I really enjoyed the service. It’s hard to describe it—kind of a contemporary-high church hybrid. In the pastor’s words, the church has one foot in Mainline Protestant churches (high church) and one foot in Emergent churches (contemporary). We listened to a jazz solo, sang an a cappella African song and followed a liturgy. The sermon was an actual conversation between the pastor and church members. Claudia Porche guessed that it might have been the most significant church experience we’ve had yet in our eight weeks of participant-observation.

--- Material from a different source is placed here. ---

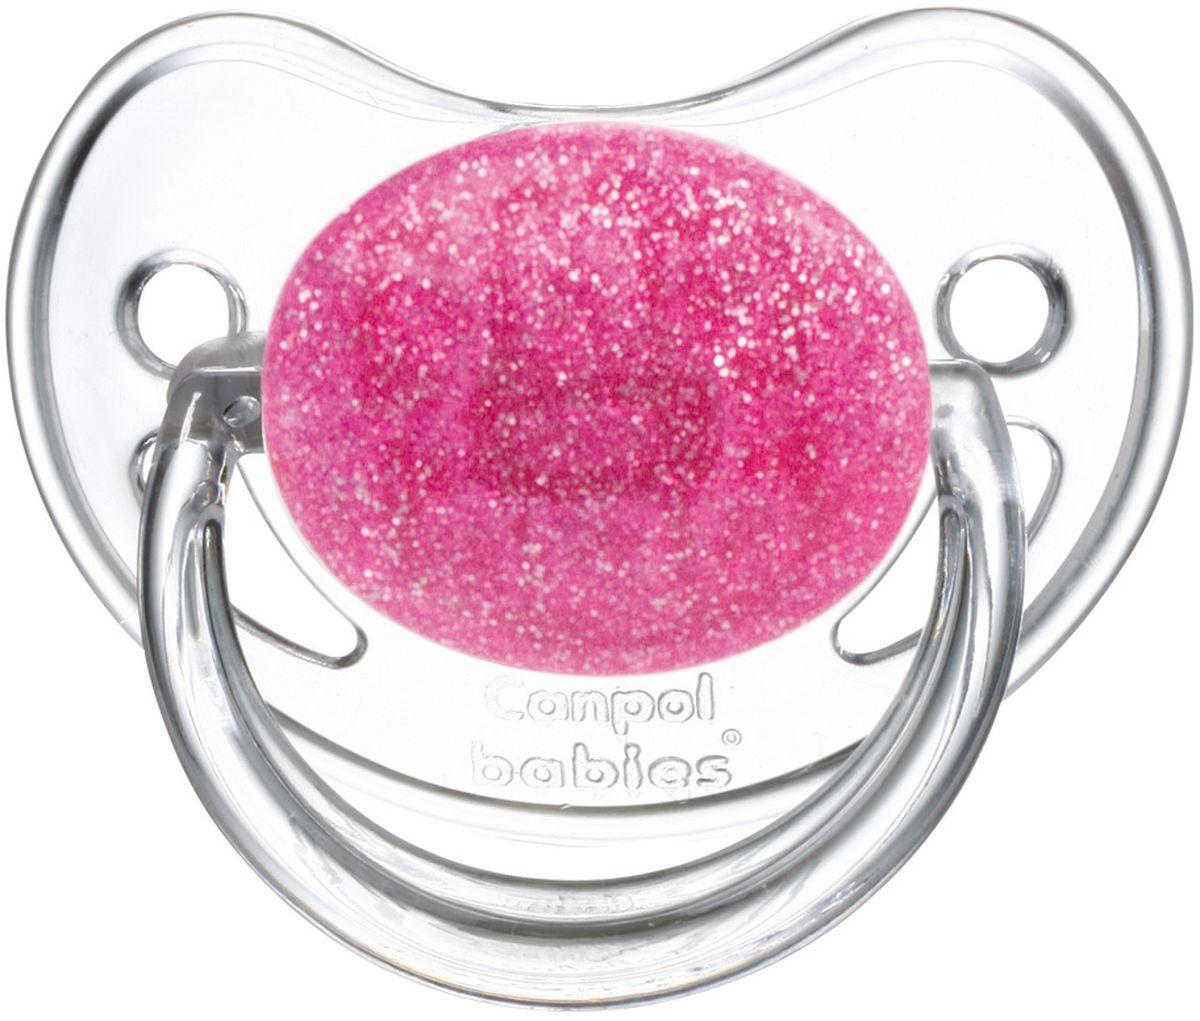 Canpol Babies Пустышка латексная Moonlight от 0 до 6 месяцев цвет розовый

At the heart of this experience’s significance for me was dealing with the tension of acceptance and transformation. This little eclectic church majored in the gospel value of acceptance. Everyone is welcomed and embraced, regardless of background, race, or even sexual orientation. We experienced this welcome and acceptance ourselves from church members after the service.
The church’s stance on sexual orientation got us talking at brunch afterwards. Though we hold different theological convictions on the subject of sexual orientation, we found ourselves drawn to the culture of acceptance there. We found ourselves asking: How do foster a culture of acceptance and at the same time value life transformation that results when the gospel is appropriated? How can we avoid judging people without loosening our grip on our theological convictions?

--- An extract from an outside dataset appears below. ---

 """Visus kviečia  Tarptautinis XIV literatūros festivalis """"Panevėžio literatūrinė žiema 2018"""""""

It’s a delicate balance. I recently read a book by John Burke addressing these questions called No Perfect People Allowed: Creating a Come as You Are Culture in the Church. Burke said a couple things that stuck out to me. First, unbelievers can’t be expected to fall in line with the transformative values of the gospel until they make a commitment to Jesus. Second, unbelievers don’t make a commitment to Jesus and experience life change without the power of the Holy Spirit at work in their lives. Ministers can’t engineer conviction and transformation.
On a practical level I think Burke’s observations mean that we love people unconditionally and leave conversion and life change to the work of the Holy Spirit. He is the only one, after all, who can convict the human heart and bring about transformation. Unbelievers see the values of the gospel as they are lived out in the Christian community and the Holy Spirit uses that modeling as fodder for change.
That’s about as far as I’ve gotten. I’m curious for your feedback on this matter.
How do you / your church community live in the tension between acceptance and transformation?